• **ASSIGNED TASK**
The whole listing below needs to be duplicated exactly, pictures aside.

• **INPUT DATA**
::::
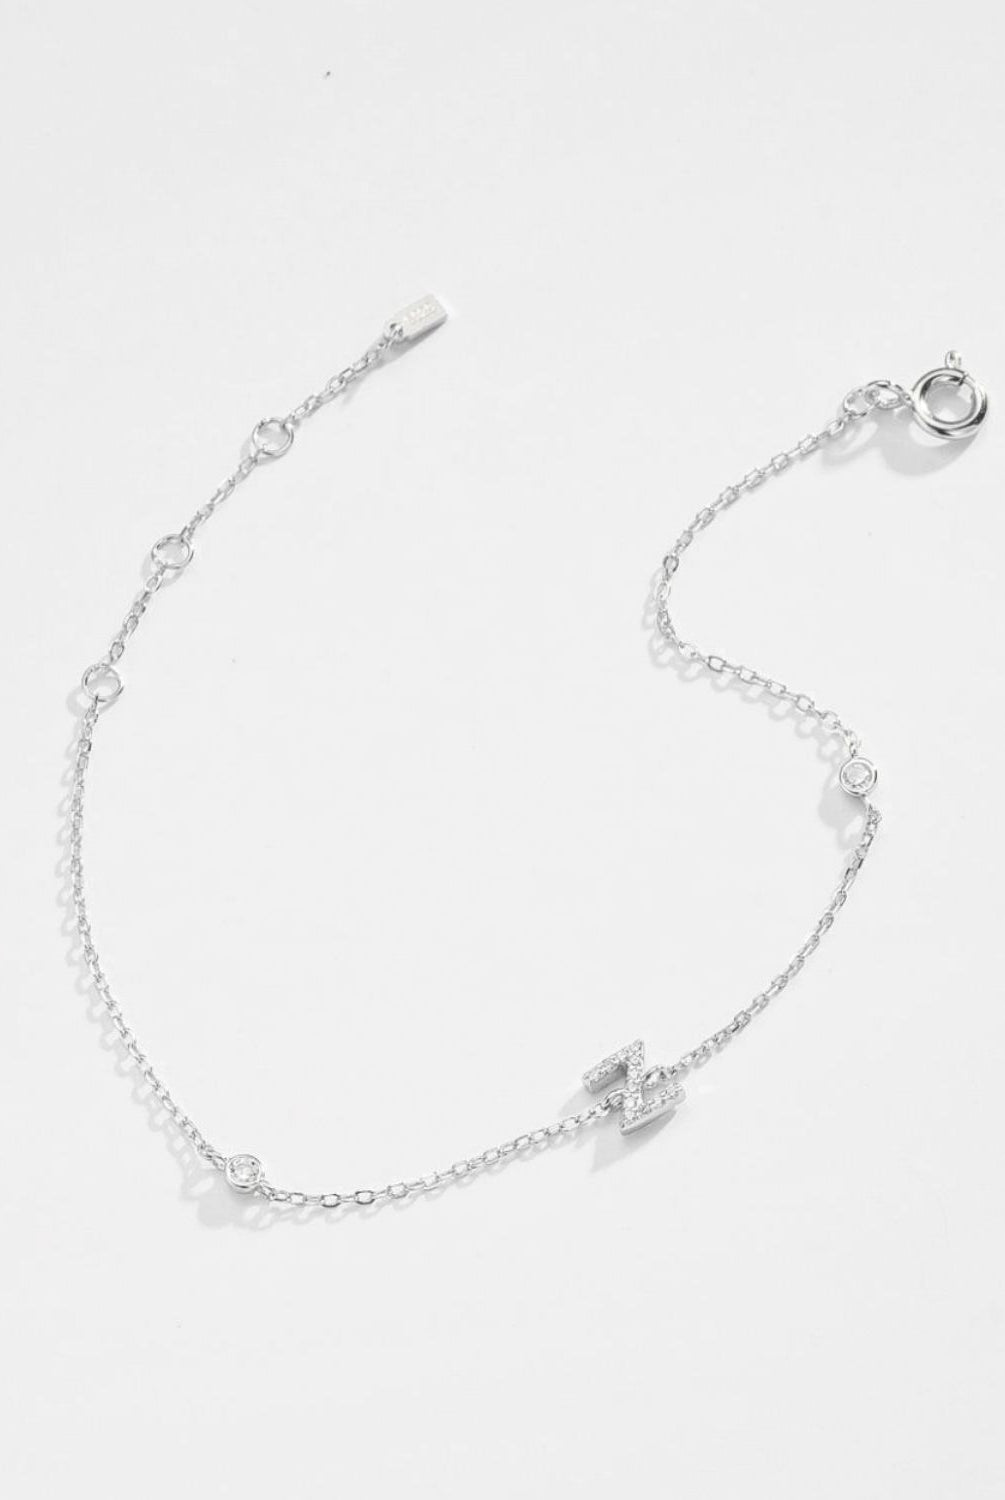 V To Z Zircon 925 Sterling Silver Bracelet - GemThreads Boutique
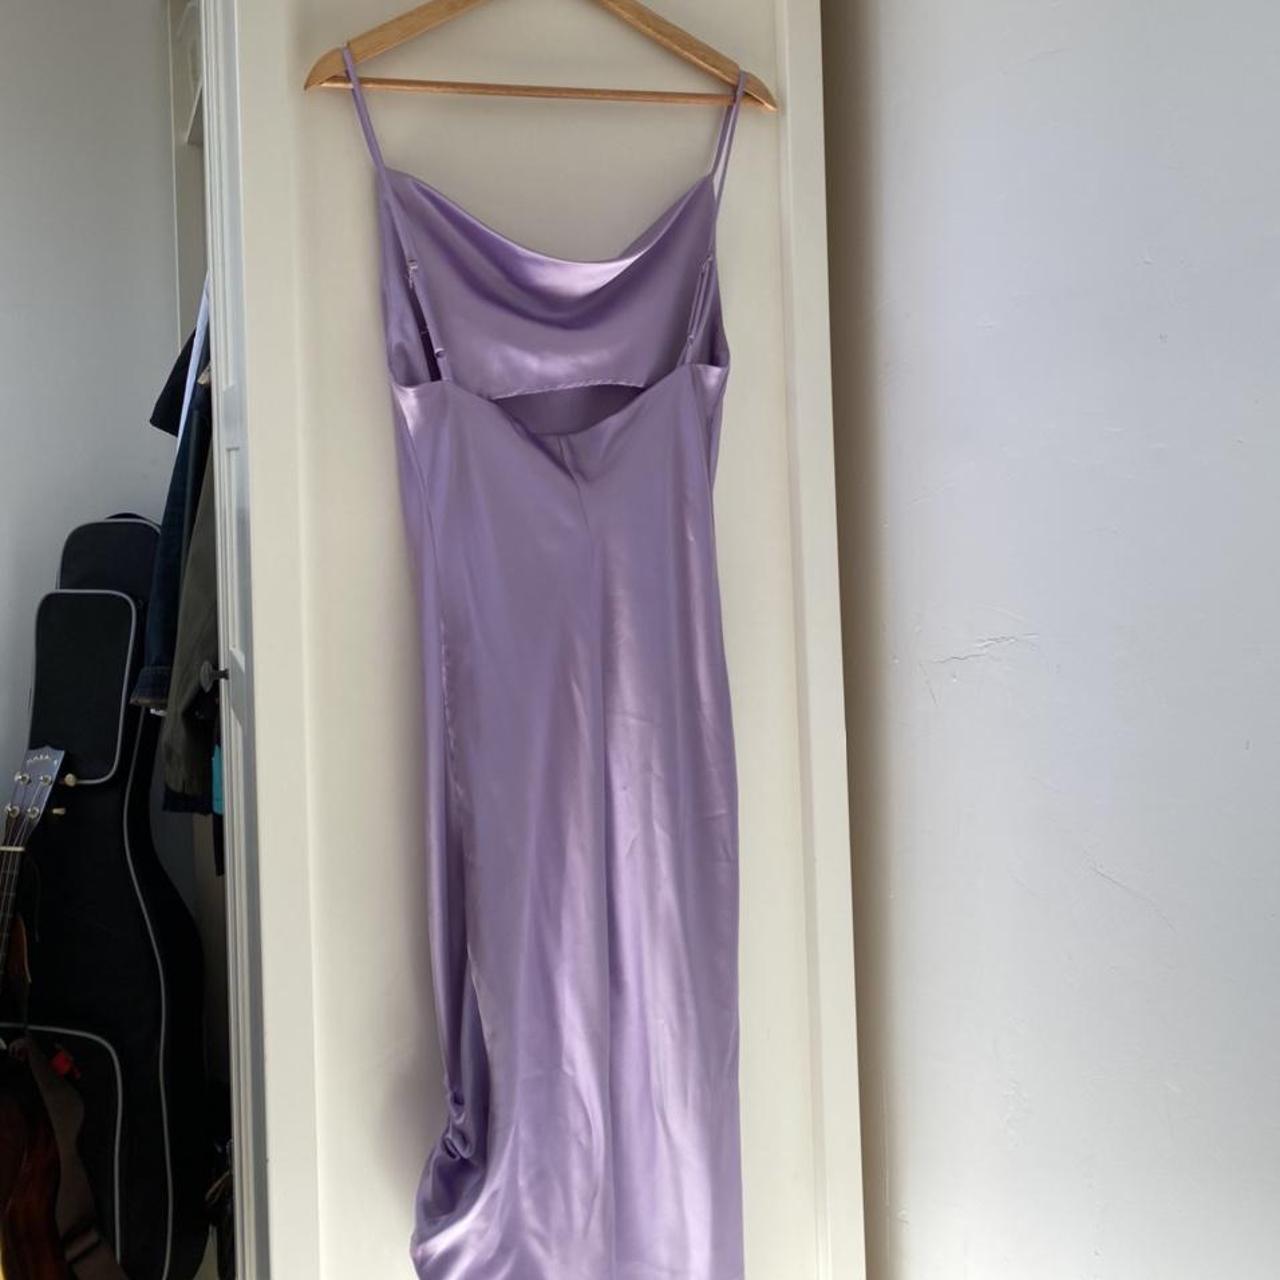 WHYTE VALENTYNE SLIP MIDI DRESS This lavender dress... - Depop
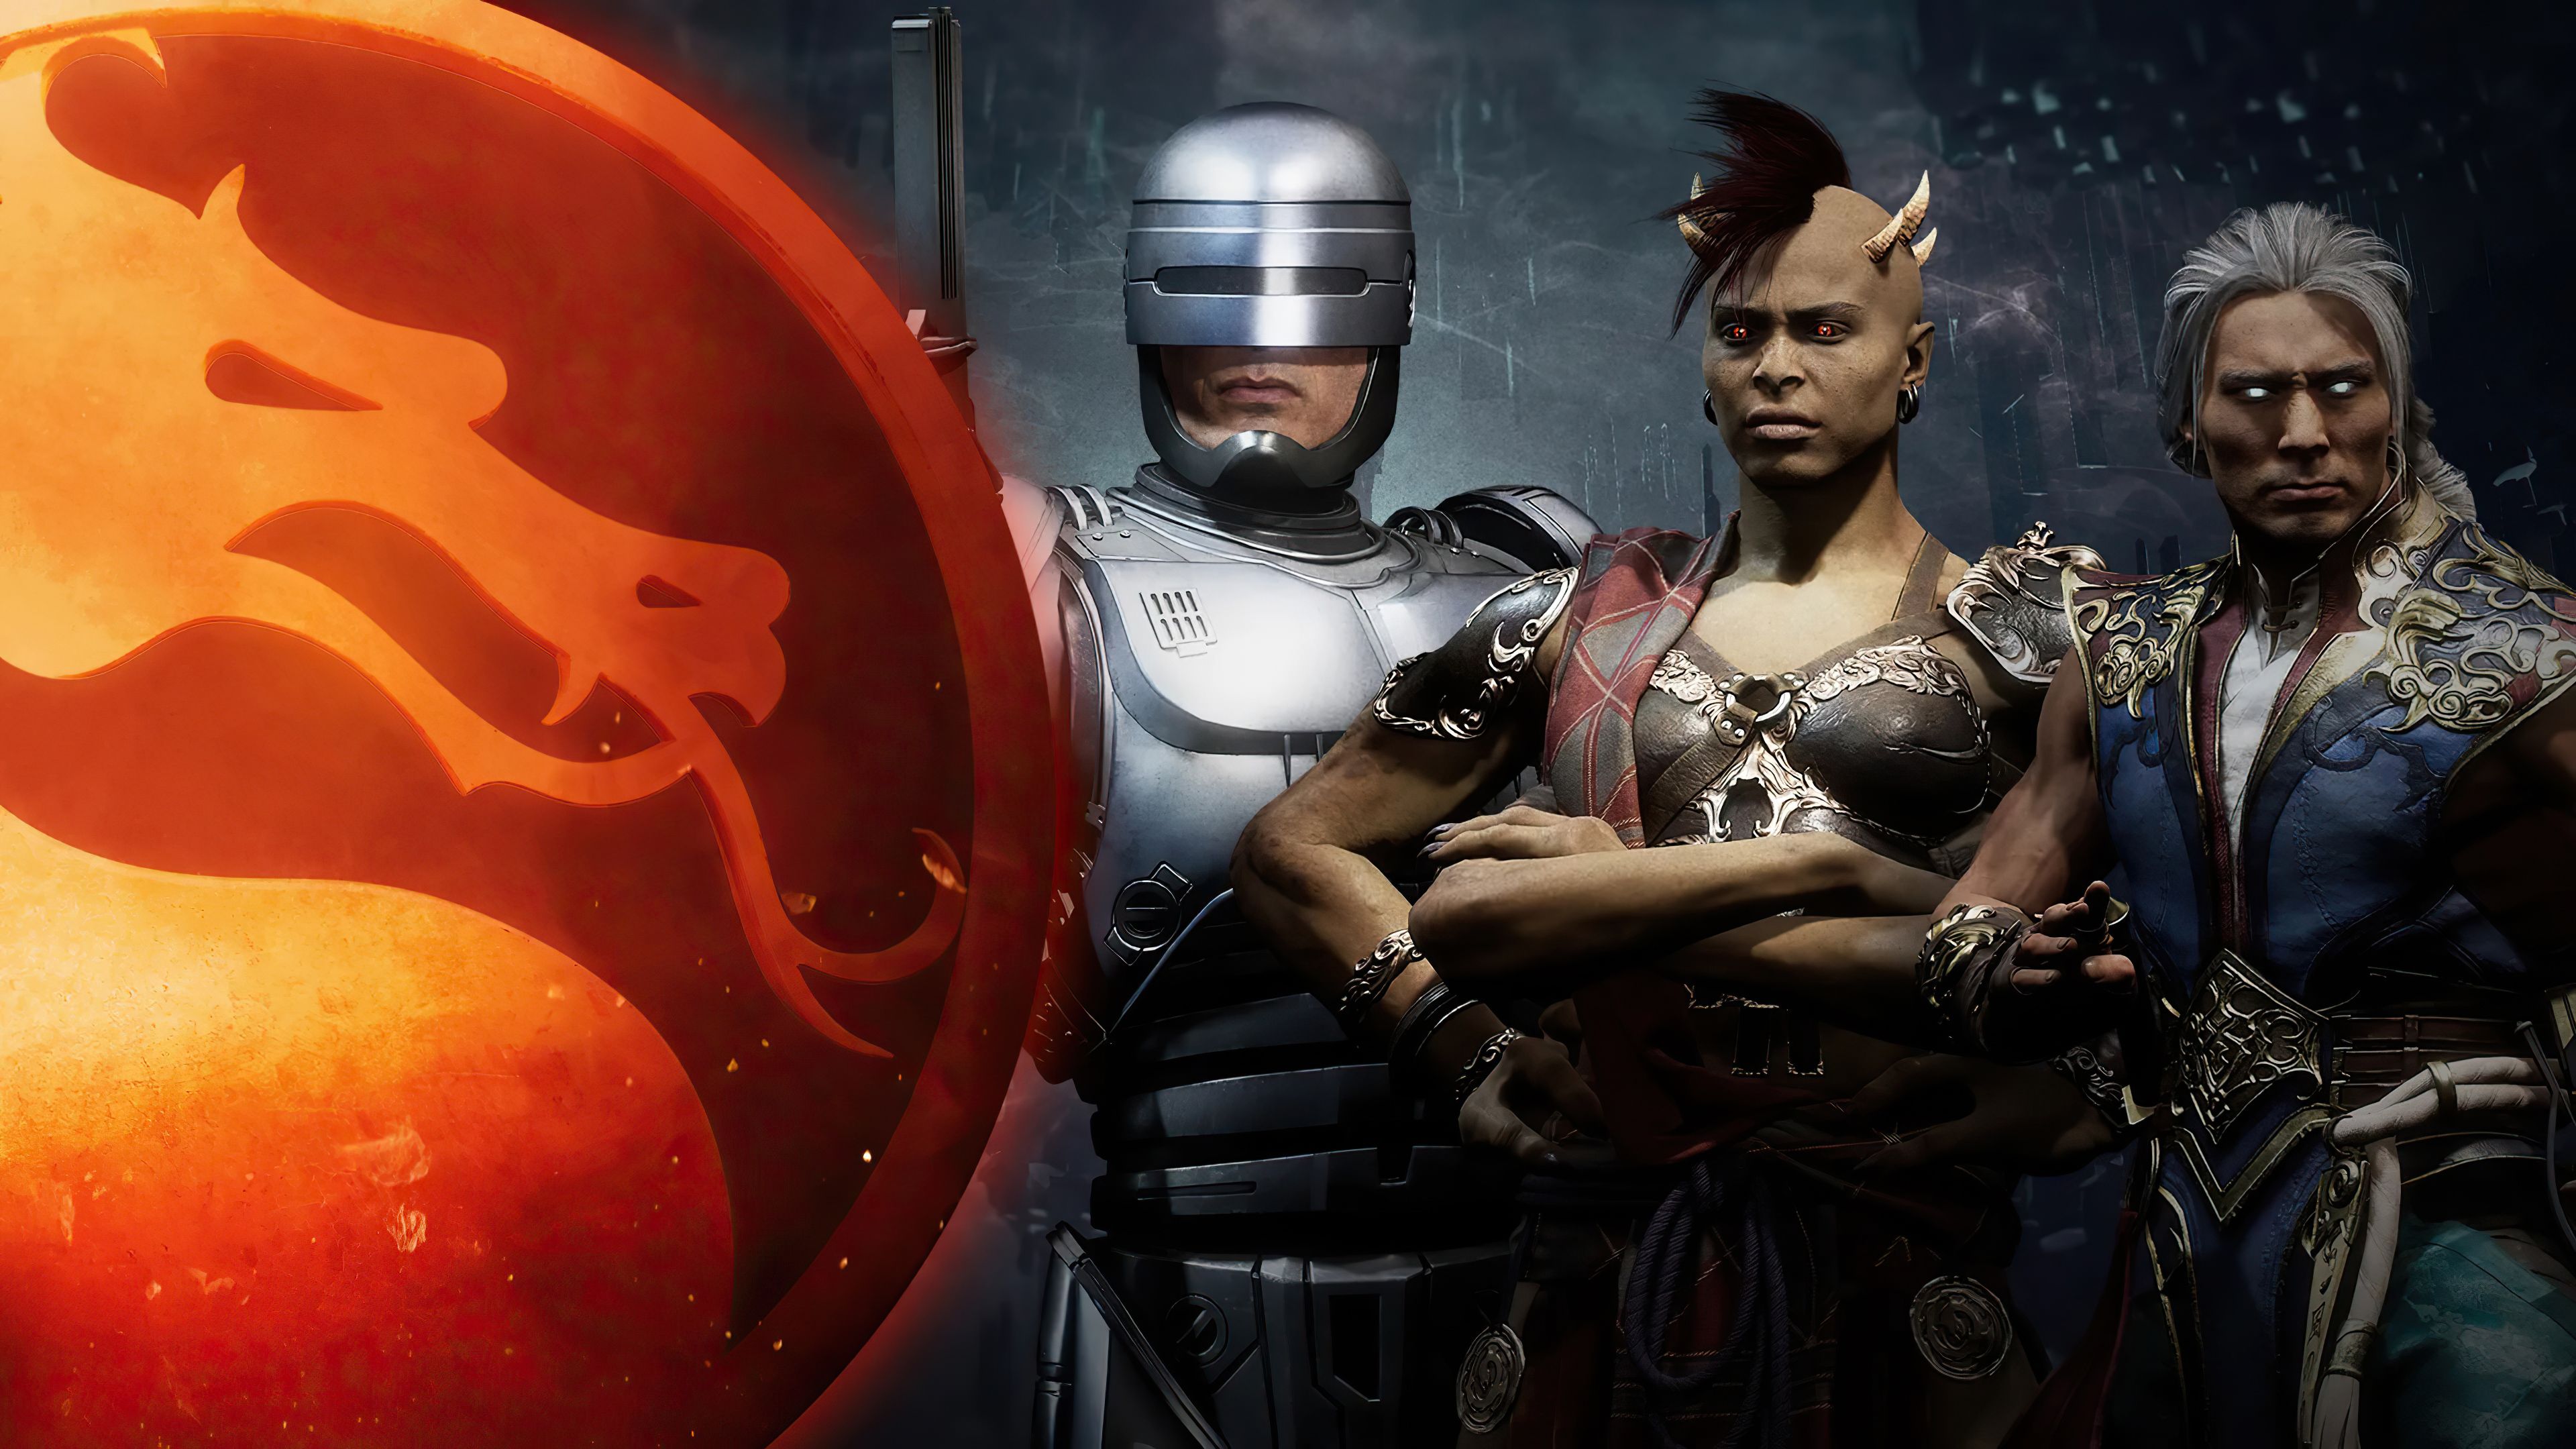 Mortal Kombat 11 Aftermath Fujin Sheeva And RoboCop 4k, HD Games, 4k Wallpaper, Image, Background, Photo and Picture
::::
• **ANSWER BELOW**
 V To Z Zircon 925 Sterling Silver Bracelet - GemThreads Boutique
 WHYTE VALENTYNE SLIP MIDI DRESS This lavender dress... - Depop
 Mortal Kombat 11 Aftermath Fujin Sheeva And RoboCop 4k, HD Games, 4k Wallpaper, Image, Background, Photo and Picture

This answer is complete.